Exponential Back-off is a really strong example. Exponential Back-off is basically an integral, an error happens and we retry, a second later if that fails, then we wait. An exponentially increasing amount of time, three seconds, then 10 seconds, then 100 seconds. It’s clearly exponential and it’s clearly acting based on the total history and that really helps. In fact, it’s the only way to drive an overloaded system back to stability, is with some exponential Back-off. Very powerful.

Rate limiters are like derivatives, they’re just rate estimators and what’s going on and deciding what’s to let in and what to let out. We’ve built both of these into the AWS SDKs. If you’re using the S3 client or DynamoDB client, these are built-in and we’ve really finally tuned these things. We’ve tuned them, got the appropriate amounts of jitter, they’ve got the appropriate amounts of back-off. Then we also rate limit the retries themselves so that we don’t get crazy distributed retry storms that can take down entire systems. We’ve really focused to make the back pressure as efficient and effective as we think it needs to be.

This is not an easy problem, there’s a whole science and control theory called loop tuning, about getting all these little parameters perfectly optimal. I think there are about four or five years of history now gone into AWS SDKs, and how we’re trying to get this right and we’re constantly trying to improve it. It’s pretty cool and worth copying.

We’ve got other back pressure strategies too, we’ve got systems where servers can tell clients, “Back off, please, I’m a little busy right now,” all those things working together. If I look at system design and it doesn’t have any of this, if it doesn’t have exponential back-off, if it doesn’t have rate-limiters in some place, if it’s not able to fight some power-law that I think might arise due to errors propagating, that tells me I need to be a bit more worried and start digging deeper. There’s also a great paper – or a blog post, I should say – by Marc Brooker, my colleague, which you can search for, where he goes into some really fine-grain detail about how the stuff we put into the SDKs actually works. That’s the second of five patterns.

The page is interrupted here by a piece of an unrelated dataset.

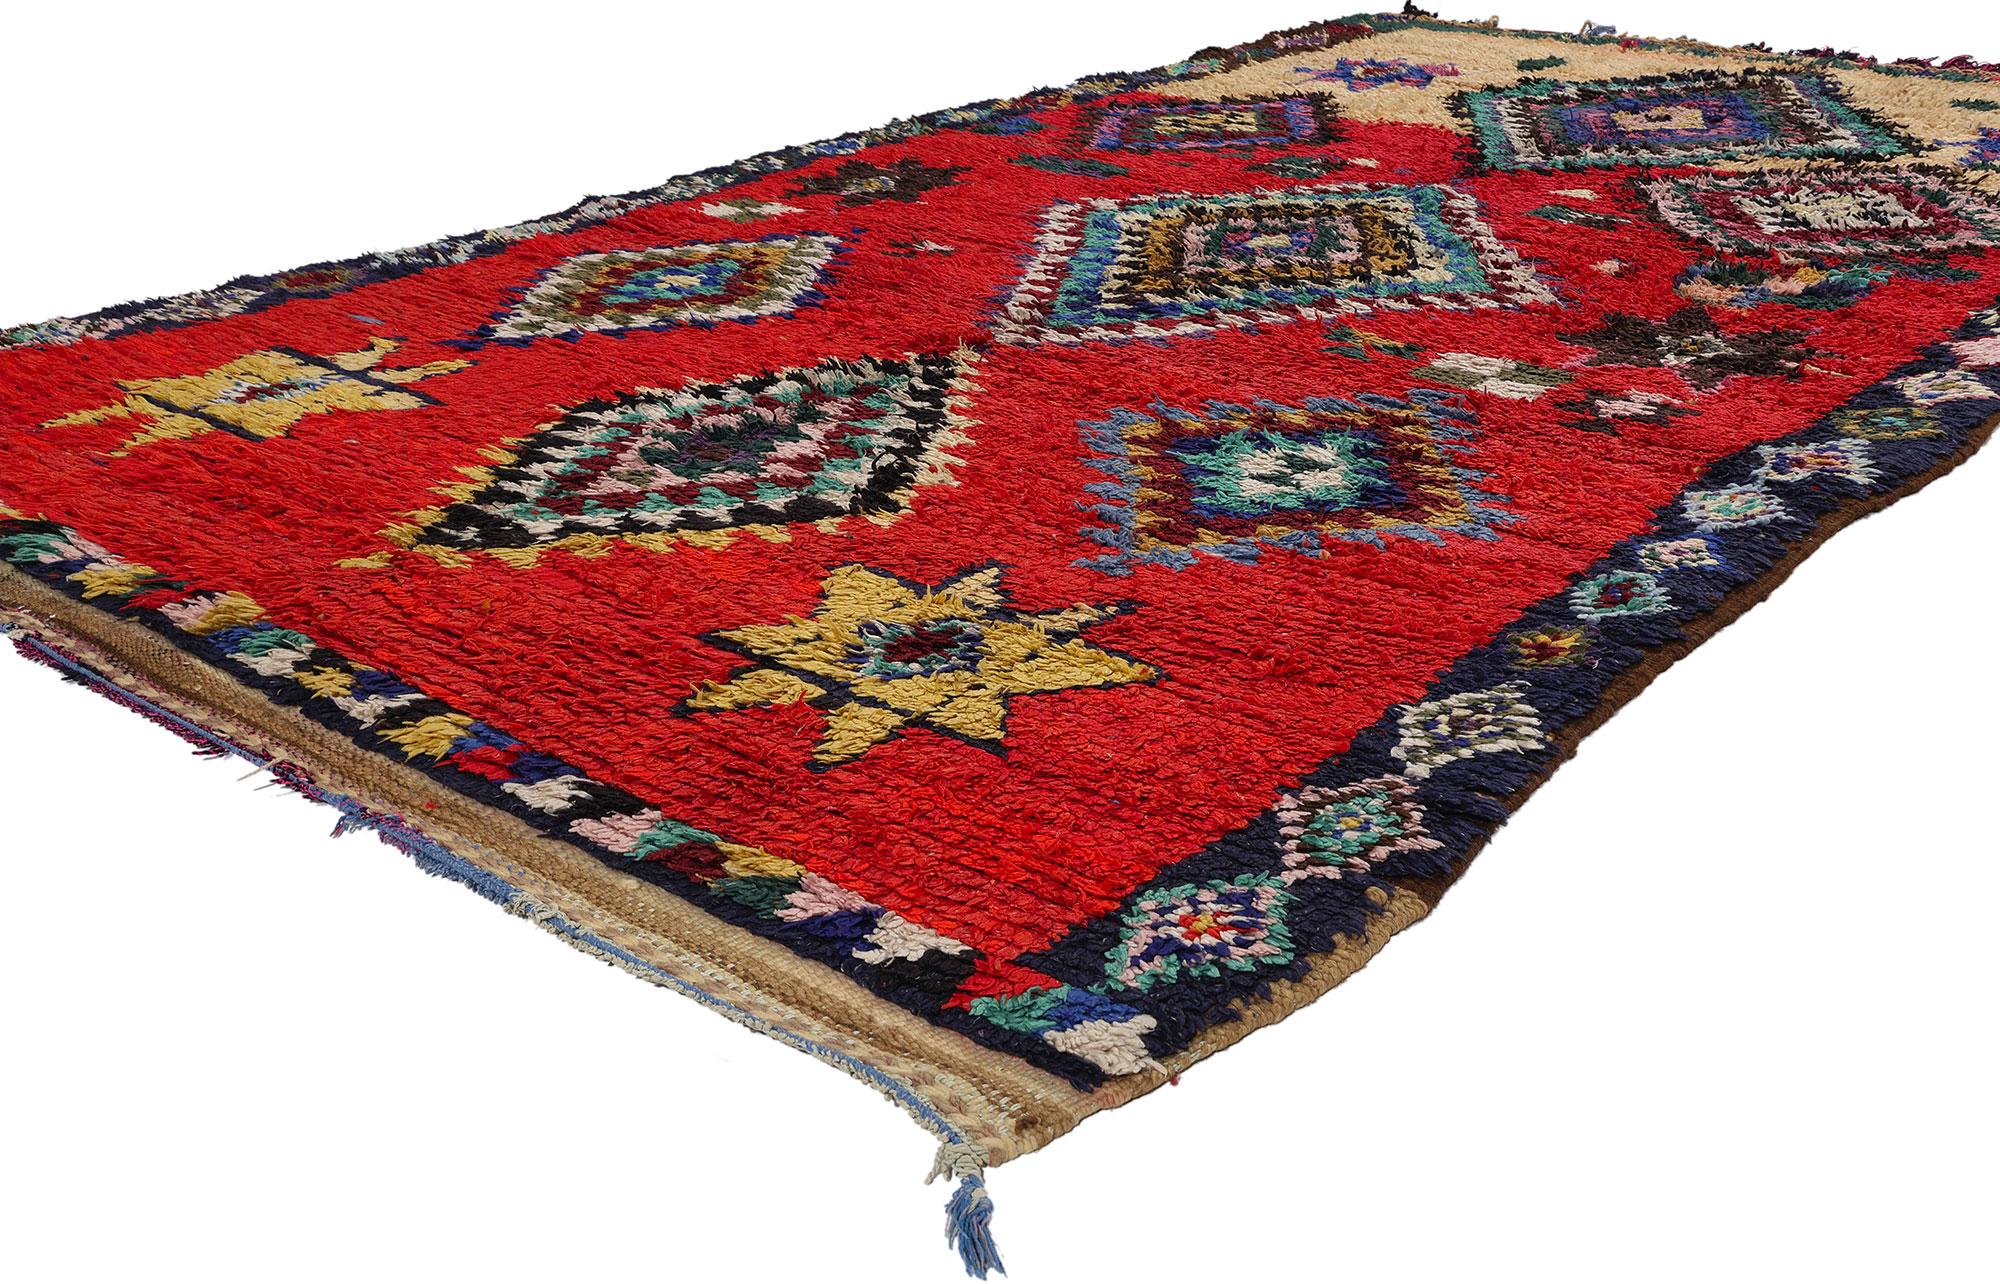 21795 Marokkanischer Teppich Vintage Red Boujad, 05'01 x 09'05. Boujad-Teppiche aus der Region Boujad im Mittleren Atlasgebirge in Marokko sind handgewebte Schätze voller Tradition. Diese Teppiche, die von erfahrenen Berberstämmen, insbesondere den

X-Ray Vision: Liveliness and Lag

The third is about Liveliness and Lag. Pretty much any control system is doomed to failure if it’s operating on old information. Old information can be even worse than no information. If we were controlling the temperature in this room based on the temperature 30 minutes ago, that’s just not going to work because there weren’t so many people in the room at that time and the information’s just false and it’s going to heat it up too much, it’s no good. This can crop up a lot, and the reason this can crop up a lot in distributed systems is we often use workflows to do things.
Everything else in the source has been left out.